Strengths of DynamoRIO:
* speed (you might not even notice the slowdown);
* stability (there used to be a commercial security product based on this technology -- it is literally industrial grade);
* trivial to code extensions for (70 lines, 2kb for this simple yet powerful extension).

Weaknesses:
* definitely won't work with self-modifying code
* probably won't work with obfuscated or "self-protecting" code (there's particularly a problem with so-called "pc-relative" addressing, such as call $ / pop ebp).

Studious readers may note that automatic indirect call resolution is exceptionally useful for C++ reverse engineering;  comment out the direct call resolution, recompile, write a quick IDC script to add the x-refs to the disassembly listing, and you've got a killer C++ RE tool.  Credit goes to spoonm for having and implementing this idea initially.

Note that in the six years since this was published, new binary instrumentation tools such as Intel's PIN have emerged with ameliorate some of the weaknesses of the tools described in this post from 2008.

Code Generation Quirk Involving Array Indexing

Originally published on February 13th, 2008 on OpenRCE.

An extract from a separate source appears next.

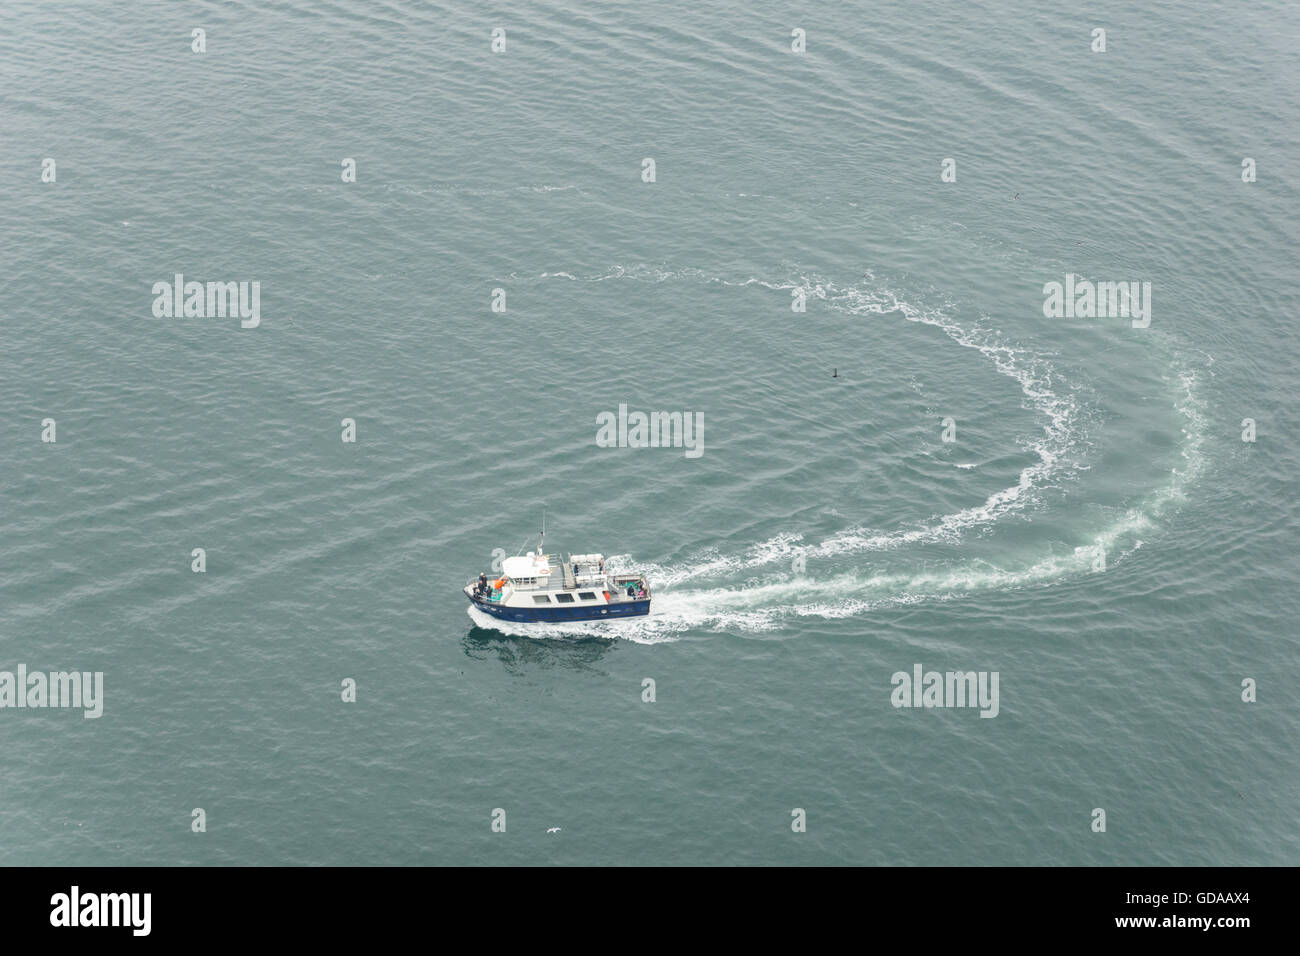 Ireland, County Clare, Cliffs of Moher, boat from above Stock Photo

In this post, we shall investigate some strange-looking code generated in the context of an array index.

.text:10002D49 mov eax, [esp+arg_0]
.text:10002D4D lea ecx, [eax-9C40h]
.text:10002D53 cmp ecx, 50h
.text:10002D56 ja short loc_10002D60
.text:10002D58 mov eax, dword ptr ds:(loc_1000EF5B+1)[eax*8]
.text:10002D5F retn
.text:10002D60
.text:10002D60 loc_10002D60:
.text:10002D60 lea edx, [eax-0A029h]
.text:10002D66 cmp edx, 9
.text:10002D69 ja short loc_10002D73
.text:10002D6B mov eax, dword ptr ds:loc_1000D344[eax*8]
.text:10002D72 retn

We don't find any arrays at the locations referenced on lines -D58 and -D6B (in fact we find code) which is unusual:

; First target
.text:1000EF57 movzx eax, word ptr [esi+18h]
.text:1000EF5B loc_1000EF5B: ; DATA XREF: 10002D58
.text:1000EF5B add dword_10065280, eax
.text:1000EF61 xor eax, eax
.text:1000EF63 pop esi
.text:1000EF64 mov esp, ebp
.text:1000EF66 pop ebp

; Second target
.text:1000D342 mov esp, ebp
.text:1000D344 loc_1000D344: ; DATA XREF: 10002D6B
.text:1000D344 pop ebp

Looking closer at the code, the trick lies in the fact that the arrays are not being indexed starting at zero.

.text:10002D58 mov eax, dword ptr ds:(loc_1000EF5B+1)[eax*8] ; <- 0x9C40 <= eax < 0x9C90
.text:10002D6B mov eax, dword ptr ds:loc_1000D344[eax*8] ; <- 0xA029 <= eax < 0xA032

So the first array actually begins at 0x1000EF5B+1+0x9C40*8 == 0x1005D15C, and the second array begins at 0x1000D344+0x0A029*8 == 0x1005D48C.  What happened here is that the pointer expression has been simplified to conform to x86's instruction encoding:

[1005D15Ch + (eax - 0x9C40) * 8] => [1005D15Ch - 4E200h + eax*8] => [1000EF5Ch + eax*8]

This is pretty uncommon; I've only seen it a handful of times in my reversing endeavors over the years.